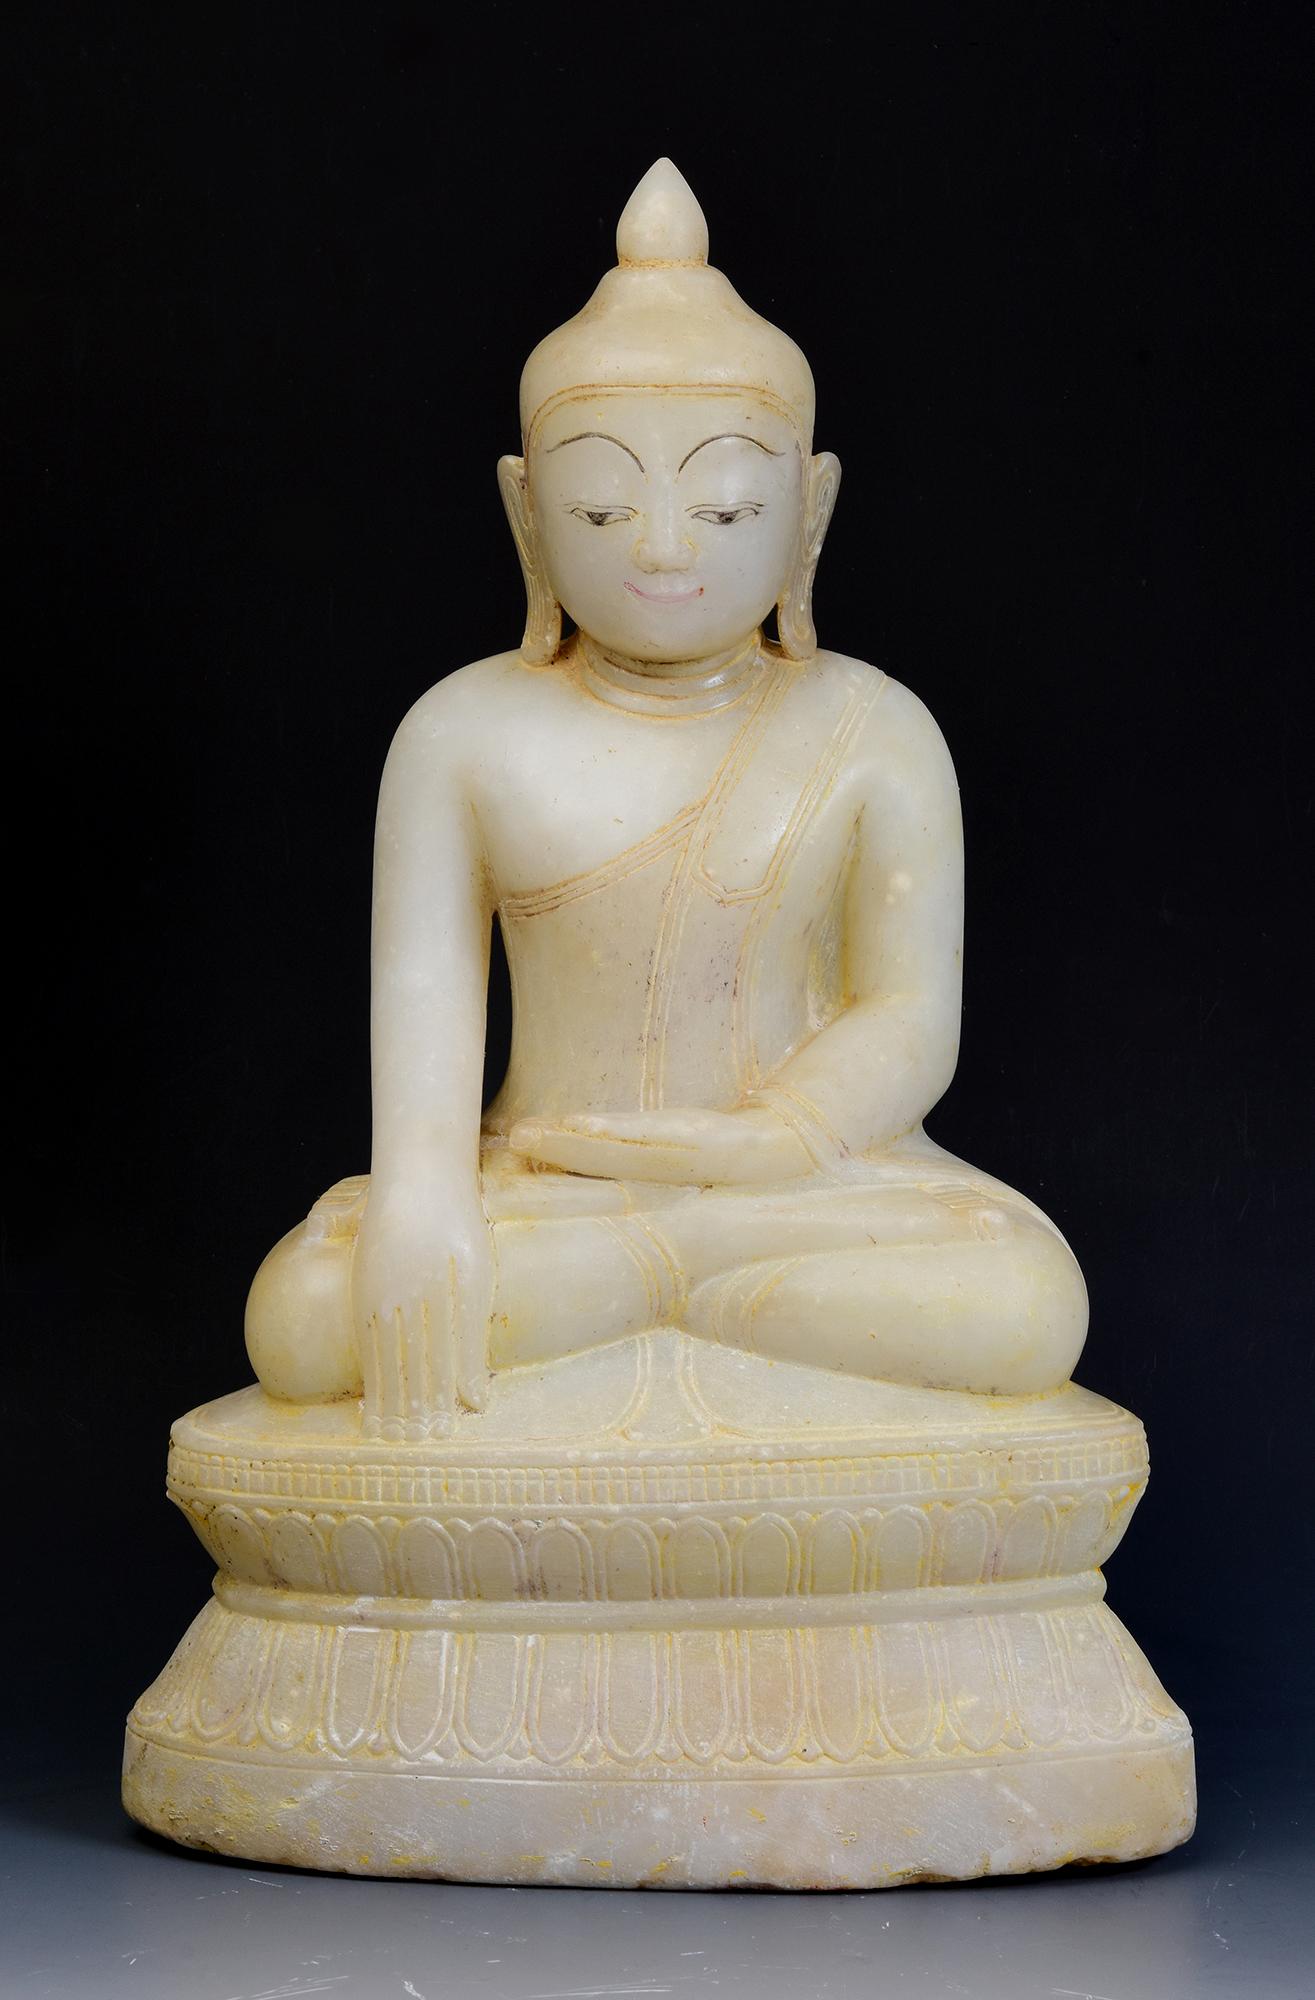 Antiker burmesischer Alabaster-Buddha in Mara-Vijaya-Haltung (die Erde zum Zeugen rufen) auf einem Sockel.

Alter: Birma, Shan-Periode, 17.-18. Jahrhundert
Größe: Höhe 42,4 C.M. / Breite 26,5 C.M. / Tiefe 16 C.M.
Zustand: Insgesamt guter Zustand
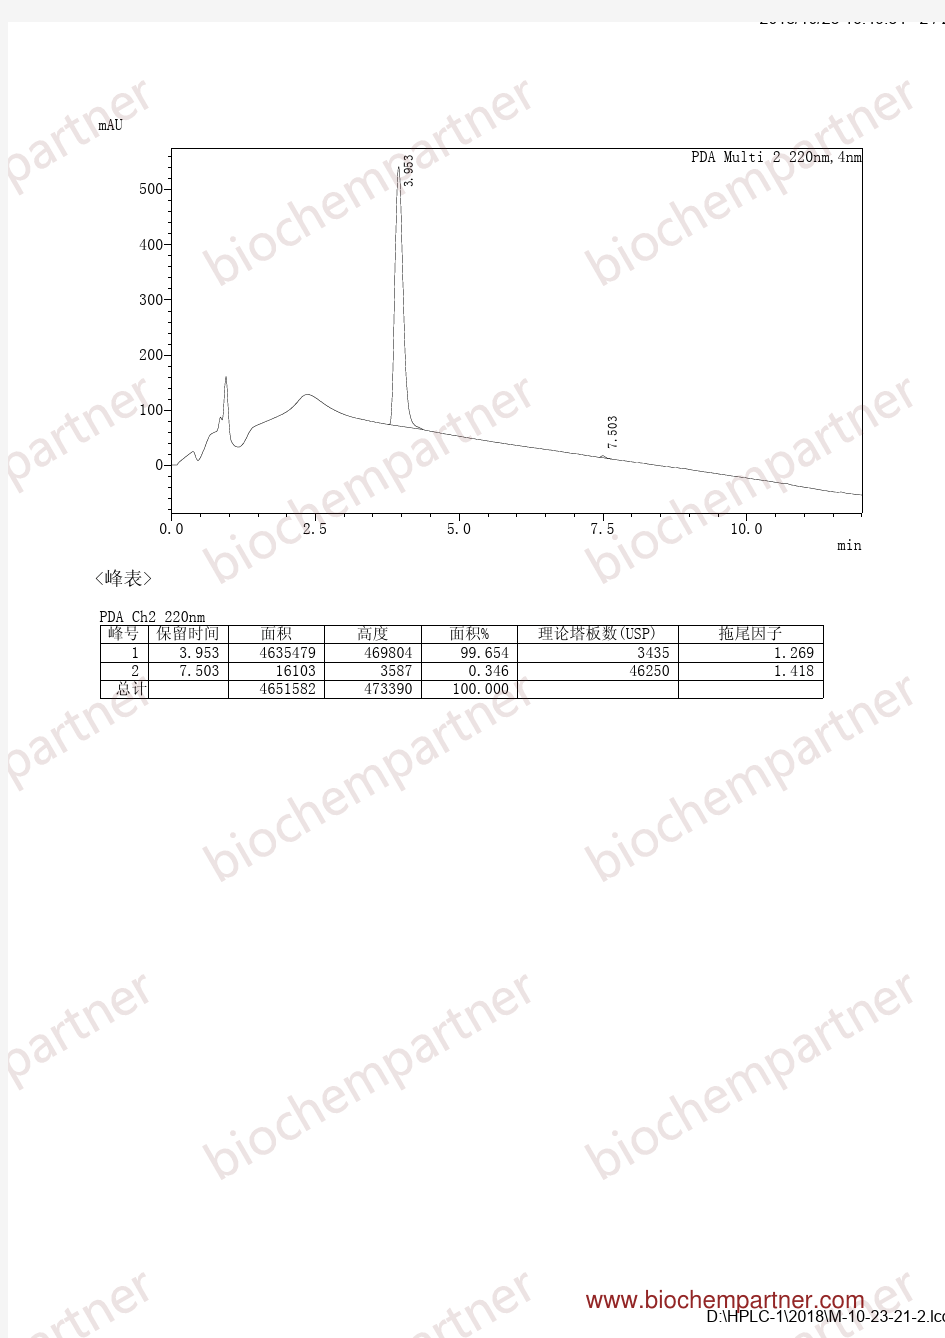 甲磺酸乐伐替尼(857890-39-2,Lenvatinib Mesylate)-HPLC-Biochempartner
__________________________________________________
■ TASK DESCRIPTION ■
No picture belongs in the answer, but every word of the records above does, exactly as given.

■ RESPONSE FOR THIS EXERCISE ■
 Antiker burmesischer Alabaster-Buddha in Mara-Vijaya-Haltung (die Erde zum Zeugen rufen) auf einem Sockel.

Alter: Birma, Shan-Periode, 17.-18. Jahrhundert
Größe: Höhe 42,4 C.M. / Breite 26,5 C.M. / Tiefe 16 C.M.
Zustand: Insgesamt guter Zustand
 甲磺酸乐伐替尼(857890-39-2,Lenvatinib Mesylate)-HPLC-Biochempartner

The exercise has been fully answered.